I don’t see many negative signs at this point. Utilities
are outperforming the S&P 500, but that is most likely a hold-over from the
correction. The Fosback long-term indicator is still negative, but this sign is superseded by the positive McClellan
Oscillator that cancels out Fosback Indicators. It is based on the 50-dEMA of
new-high/new-low data so this will take a while longer to clear fully.
I am bullish for the near term.
TOP / BOTTOM INDICATOR SCALE OF 1 TO 10 (Zero is a
neutral reading.)
Today’s Reading: -1
-The Long-term Fosback Logic Index indicators was
bearish, but this is actually not a negative since the McClellan Oscillator is
positive and that cancels the Fosback indicators.
- Most Recent Day with a value other than Zero: -1 on 21
August.
(1) +10 Max Bullish / -10 Max Bearish)
(2) -4 or below is a Sell sign. +4 or better is a Buy
Sign.
MOMENTUM ANALYSIS:
Just a reminder…During corrections, momentum is generally
not giving a very accurate picture – it will reverse when the correction ends. During
the correction, Utilities will generally outperform as will similar Dow stocks,
like Verizon. Momentum here is a short-term call.
TODAY’S RANKING OF
15 ETFs (Ranked Daily)
*For additional background on the ETF ranking system see
NTSM Page at…
TODAY’S RANKING OF THE DOW 30 STOCKS (Ranked Daily)

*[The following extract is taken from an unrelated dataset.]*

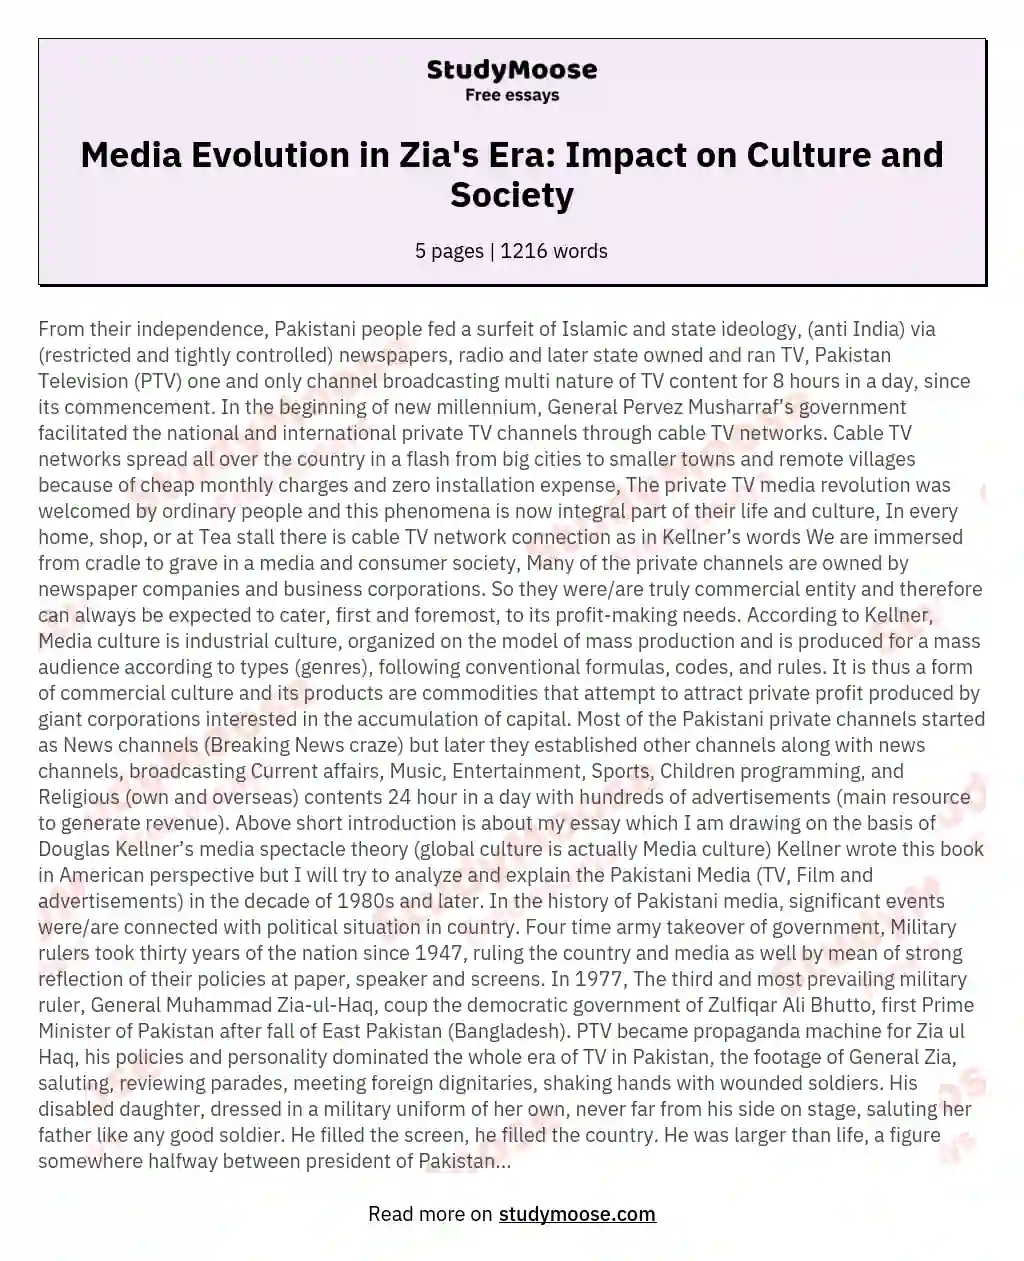 Media Evolution in Zia's Era: Impact on Culture and Society essay

The top ranked stock receives 100%. The rest are then
ranked based on their momentum relative to the leading stock.
*I rank the Dow 30 similarly to the ETF ranking system.
For more details, see NTSM Page at…
WEDNESDAY MARKET INTERNALS (NYSE DATA)
Market Internals
remained POSITIVE on the market.
Market Internals are a decent trend-following analysis of
current market action but should not be used alone for short term trading. They
are usually right, but they are often late.
They are most useful when they diverge from the Index. In 2014, using these internals alone would
have made a 9% return vs. 13% for the S&P 500 (in on Positive, out on
Negative – no shorting).
Using the Short-term indicator in 2018 in SPY would have
made a 5% gain instead of a 6% loss for buy-and-hold. The methodology was Buy
on a POSITIVE indication and Sell on a NEGATIVE indication and stay out until
the next POSITIVE indication. The back-test included 13-buys and 13-sells, or a
trade every 2-weeks on average.
My current stock allocation is about 55% invested in
stocks as of 20 August 2019. This is a conservative balanced position
appropriate for a retiree.
INTERMEDIATE / LONG-TERM INDICATOR
Wednesday,
the VOLUME, VIX, SENTIMENT and PRICE Indicators were neutral. Overall, the
Long-Term Indicator remained HOLD.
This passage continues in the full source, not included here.